AIM OF THE EXERCISE
In the entries below, find the line with "2/4-Piece: Men's Winter" and the line with "3 in 1 unicorn backpack - Unicorn". Return those two lines and all lines between them, exactly.

DATASET EXCERPTS
-.-.-

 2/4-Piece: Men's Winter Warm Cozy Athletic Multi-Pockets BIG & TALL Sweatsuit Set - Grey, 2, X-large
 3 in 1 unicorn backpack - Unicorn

-.-.-

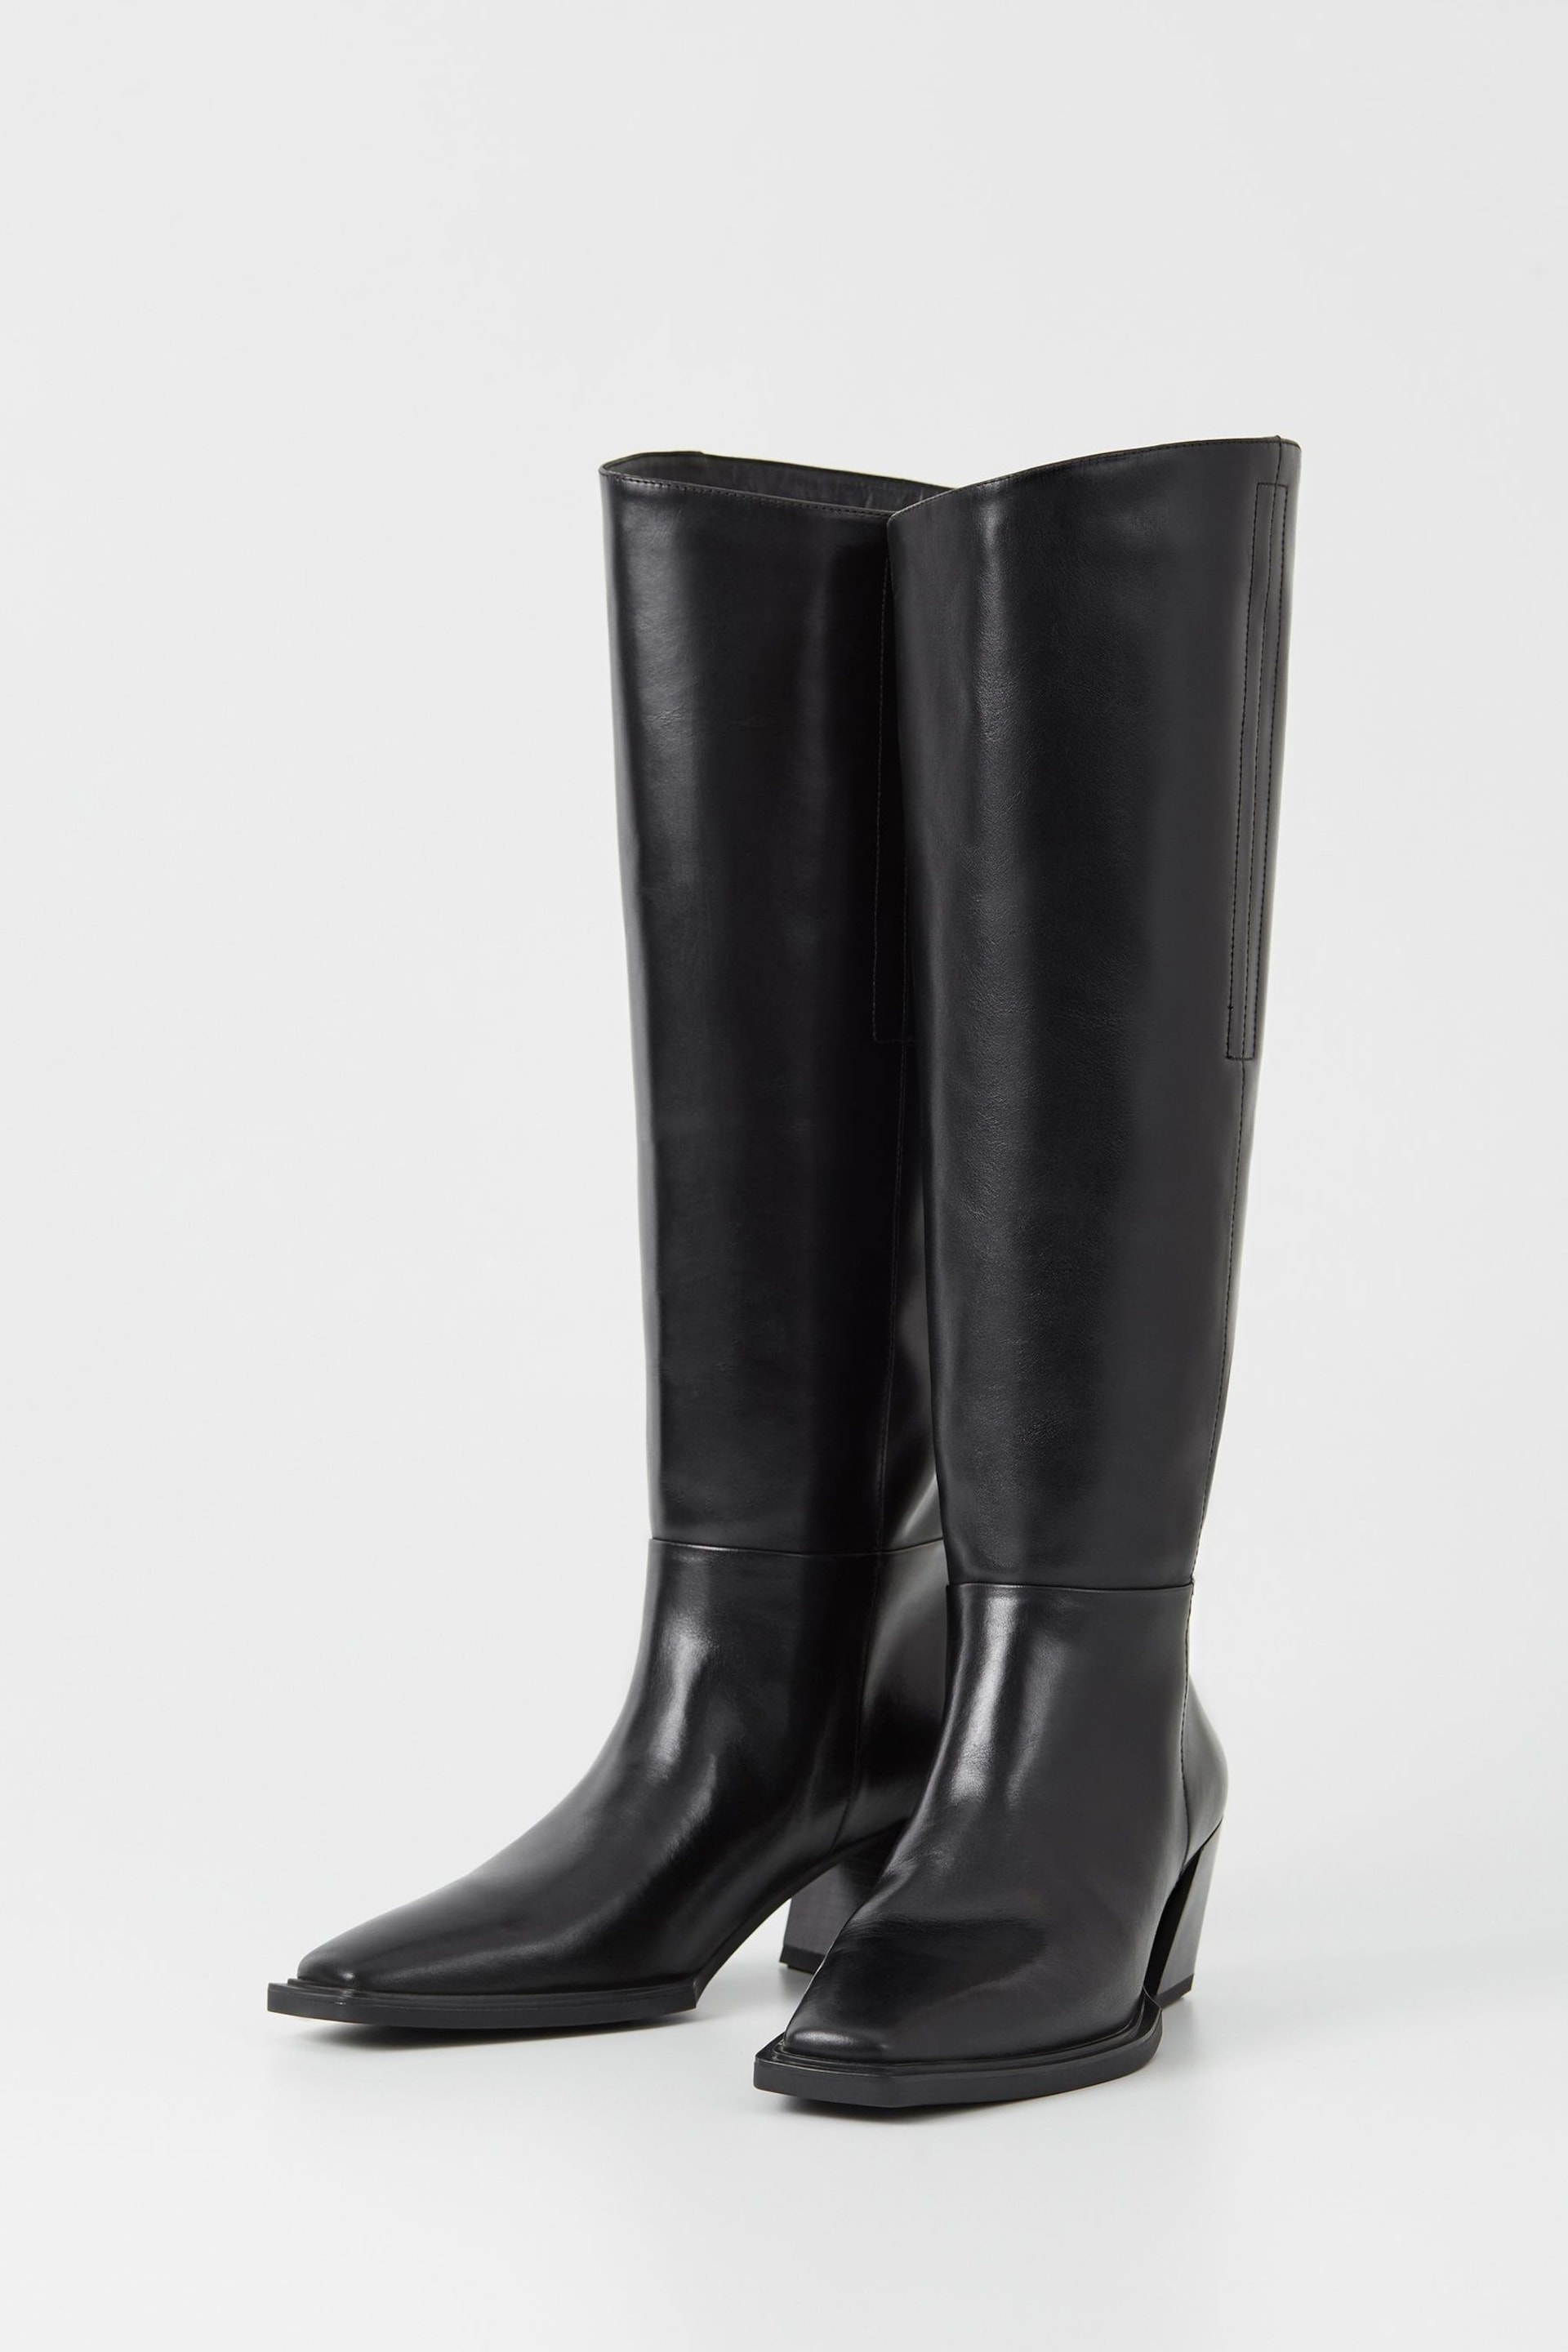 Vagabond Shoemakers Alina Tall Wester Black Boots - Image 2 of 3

-.-.-

PROBLEM SOLUTION
 2/4-Piece: Men's Winter Warm Cozy Athletic Multi-Pockets BIG & TALL Sweatsuit Set - Grey, 2, X-large
 3 in 1 unicorn backpack - Unicorn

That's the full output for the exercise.